Rec BCD The recB, recC & recD genes code for the three subunits of the Rec BCD enzyme which has five activities: exonuclease V; a helicase activity; an endonuclease activity; an ATPase activity; and, an ssDNA exonuclease activity. RecBCD can unwind DNA faster than it rewinds. Thus as it travels along a DNA molecule, it generates ssDNA loops. When the enzyme encounters a Chi sequence, it cleaves the DNA nearby. This generates a ssDNA region that can serve (along with RecA) to initiate strand exchange and a recombination reaction. Chi sites were originally characterized because they are Crossover Hotspot Instigators.

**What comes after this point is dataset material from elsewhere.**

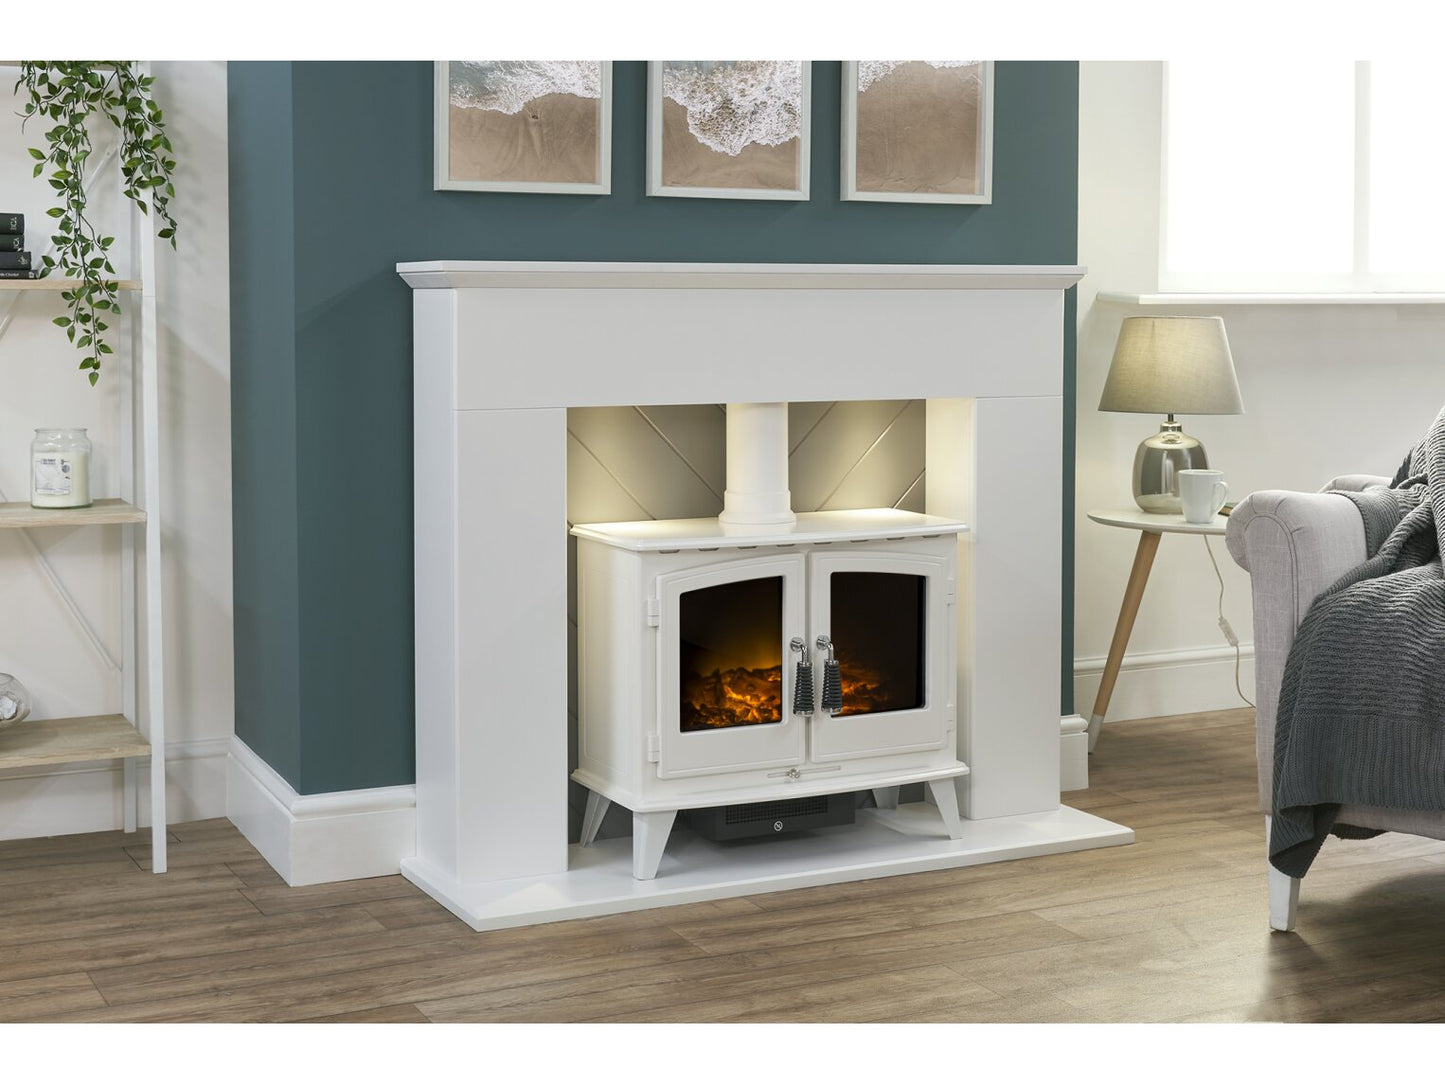 Adam Corinth Stove Fireplace with Downlights & Woodhouse Electric Stove in Pure White, 48 Inch 25447 Pure White & Grey

The site has the sequence GCTGGTGG. RecBCD cleaves several nucleotides to the 3' of this site.

RuvA : 

RuvA RuvA is a small protein whose function is to recognize a Holliday junction thereby assisting the RuvB helicase to promote branch migration. The crystal structure of the E. coli RuvA protein was solved at a resolution of 1.9 Å. (See The protein forms a tetramer in an unusual manner - though one that is ideally suited to its function. "Four monomers of RuvA are related by fourfold symmetry in a manner reminiscent of a four-petaled flower. The four DNA duplex arms of a Holliday junction can be modeled in a square planar configuration and docked into grooves on the concave surface of the protein around a central pin that may facilitate strand separation during the migration reaction."  The RuvA protein is 203 amino acids in length but only 190 of them could be assigned in the crystal structure. Most of the missing assignments represent amino acids in a flexible part of the protein.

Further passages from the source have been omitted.